Anne Kolker • MS, Registered Dietitian • Nov 06, 2011

I have mentioned in other articles about talking about food with children and sharing food facts to make it interesting for them.
Here is a list of some of the food facts I have shared with my children during meal time.  
It is a great way to start the conversation for eating healthier foods.

Fun Healthy Foods Facts

Meal time is another time to remind kids that foods are very interesting and fun. Here are some food facts you can share with your children.
Take a look at some of the interesting healthy food facts below:
fun food facts for kids
  • 1 cup of strawberries contains only 50 calories while providing 100 mg of vitamin C and 2 grams of fiber.
  • California produces over 80% of the strawberries grown in the United States.
  • Parsnips, a fall vegetable, are related to carrots. Baking them brings out their sweet, nutty flavor. They can be enjoyed raw too; try grating them onto a salad or on top of a soup.
  • Native Americans used berries as a fabric dye.
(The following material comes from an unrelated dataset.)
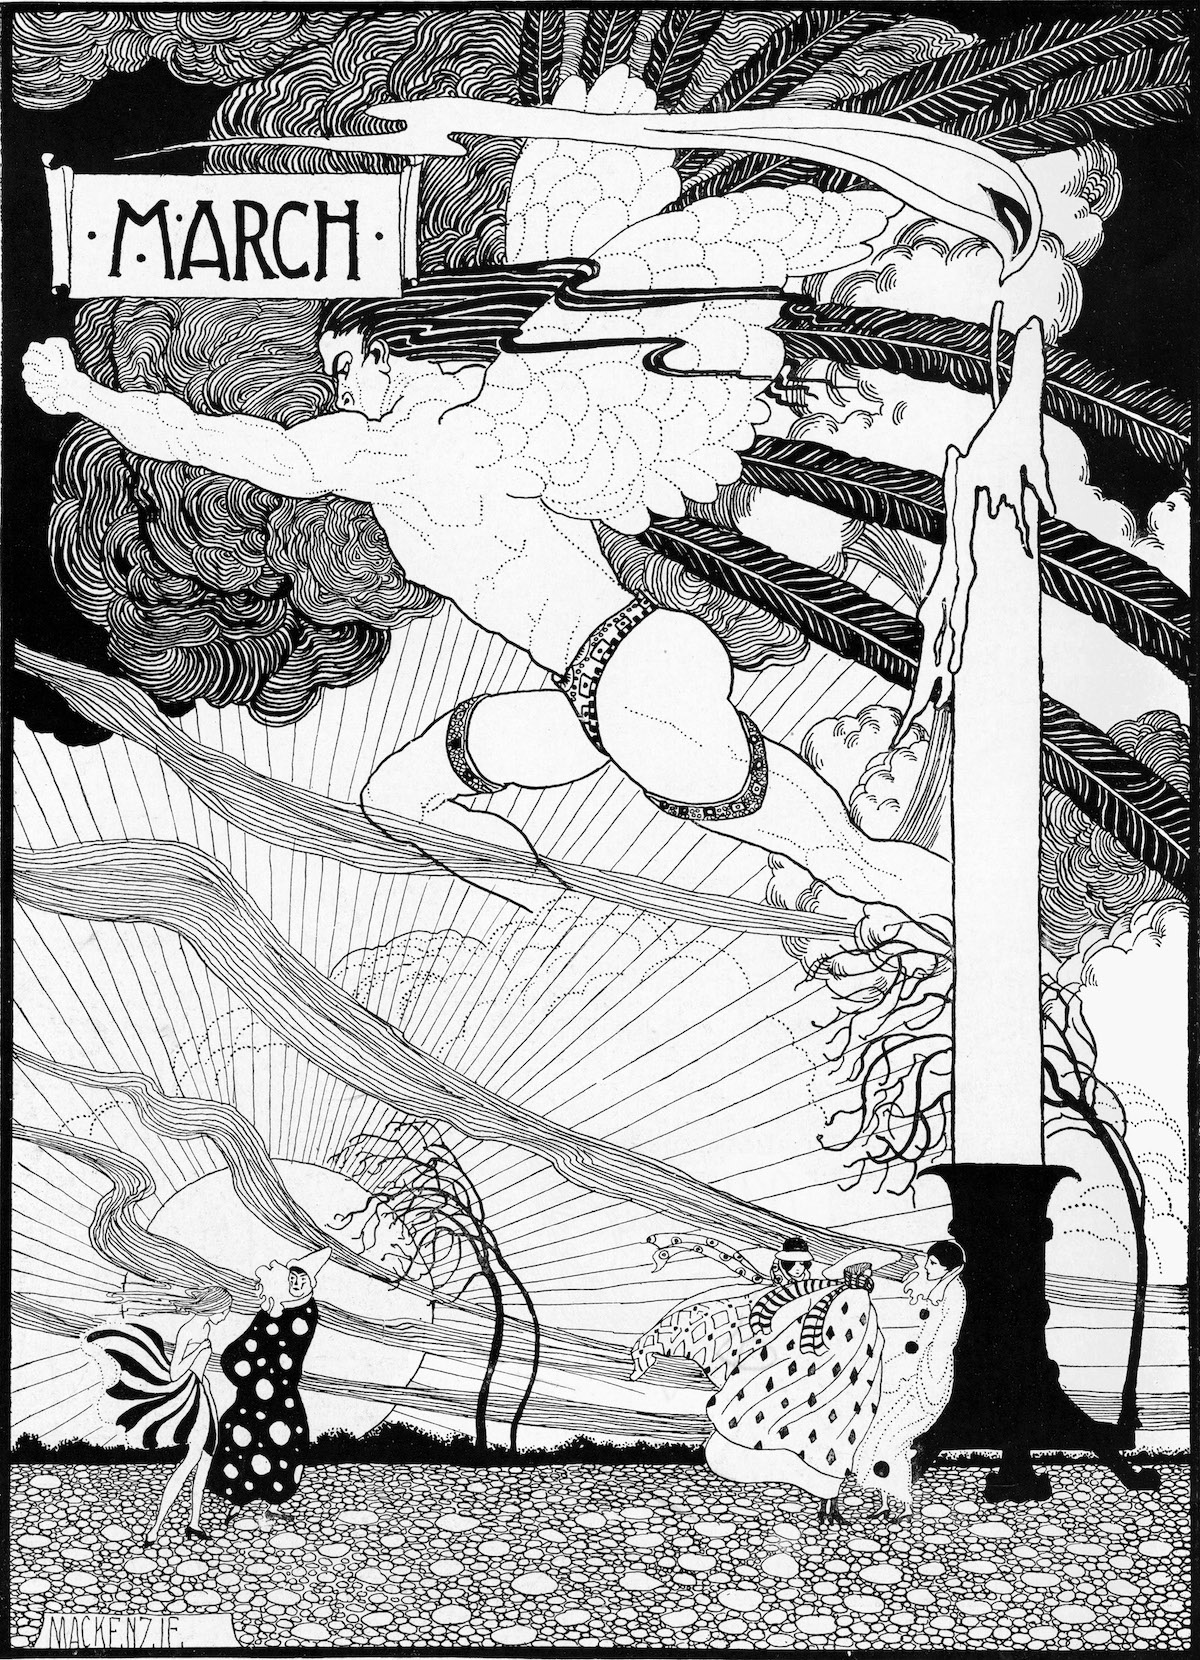 Stormy weather: illustration for the month of March by Mackenzie in The Sketch, 1 March 1916. Illustrated London News/Mary Evans.
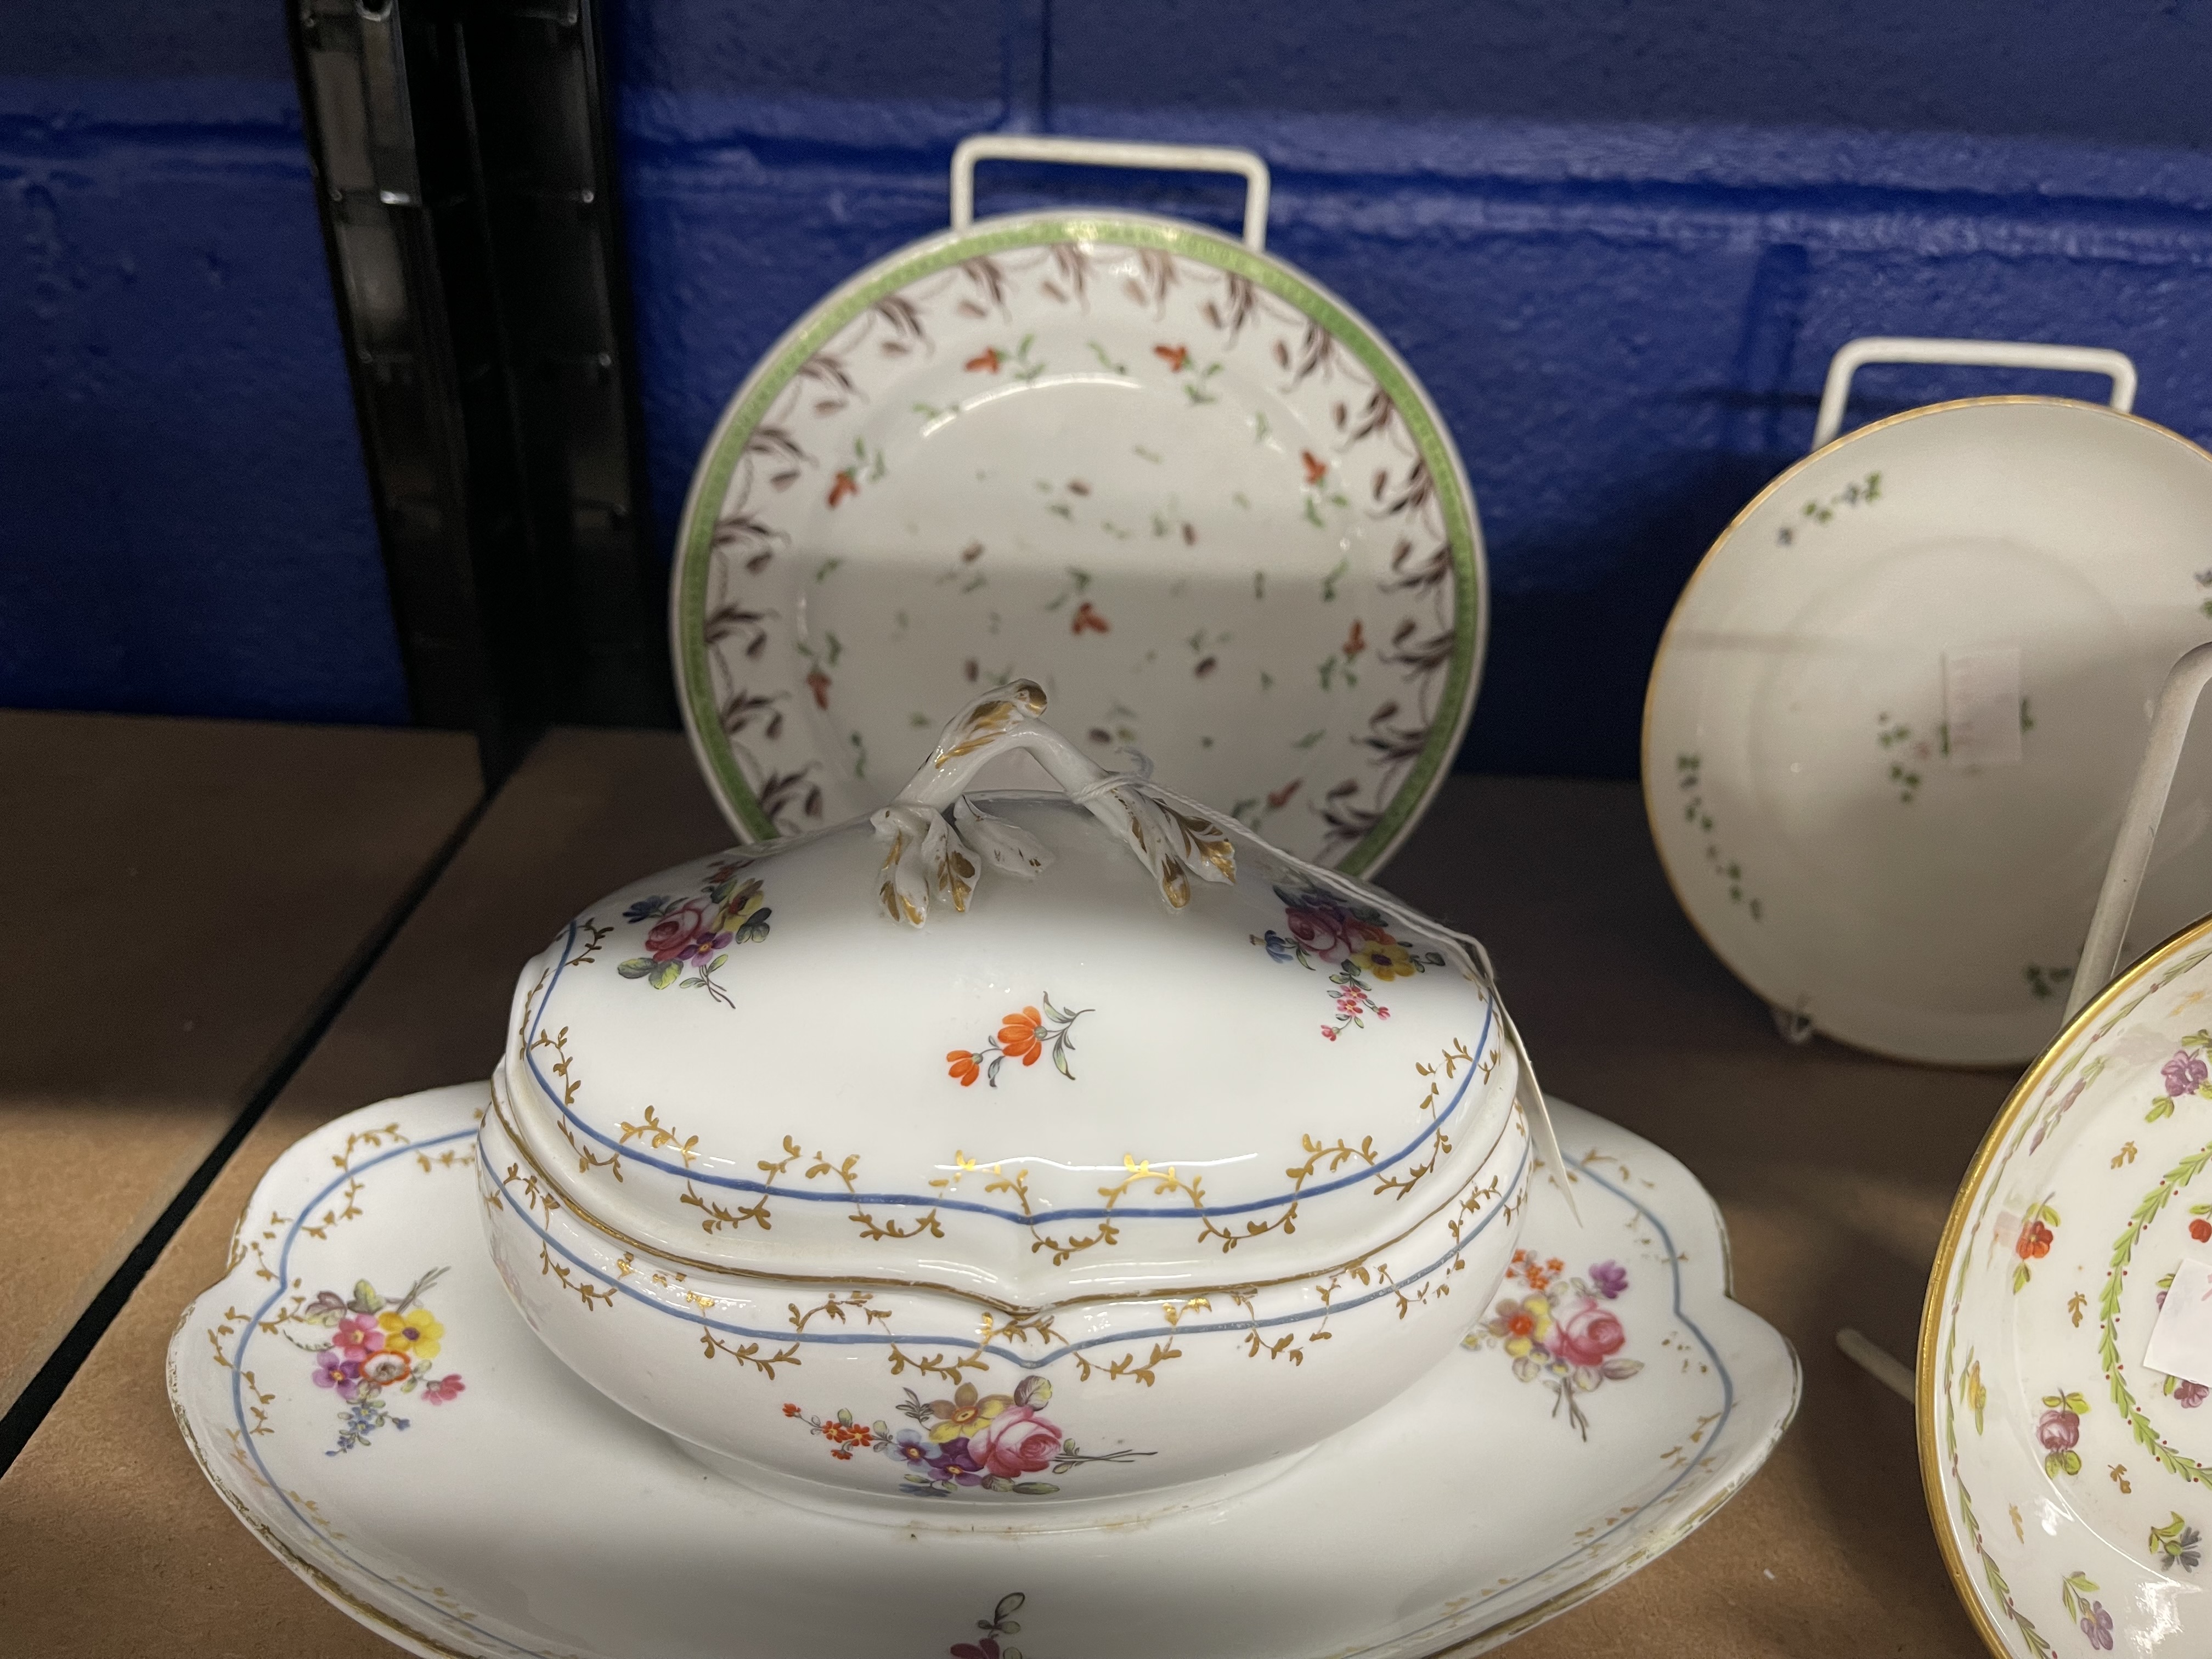 Late 18th/early 19th cent. group of Paris porcelains, including a La Courtille sauce tureen and - Image 2 of 4

Berries and their leaves and roots were also used for medicinal purposes.
  • A small orange is about 80 calories and contains vitamin C and carotenoids.
  • Carotenoids are plant pigments responsible for the yellow, orange, and red color in fruits and vegetables. Carotenoids serve as antioxidants.
  • When people think of vitamin C, they think of colds. Vitamin C does play a role in the immune system but it has many other roles including helping to form collagen and maintaining healthy teeth, gums, and blood vessels.
  • Chinese royalty enjoyed melon seeds as early as 200 BC. The seeds were believed to be essential for good intestinal health.
  • Marco Polo brought melon seeds to Europe after enjoying strips of sweet dried melon in Afghanistan. Dried and roasted seeds are still consumed as snacks in South America and the Middle East.
  • Melons are in the same gourd family as squashes and cucumbers.
  • There are two groups of melons available: watermelons and muskmelons. The most familiar muskmelons include cantaloupe and honeydew.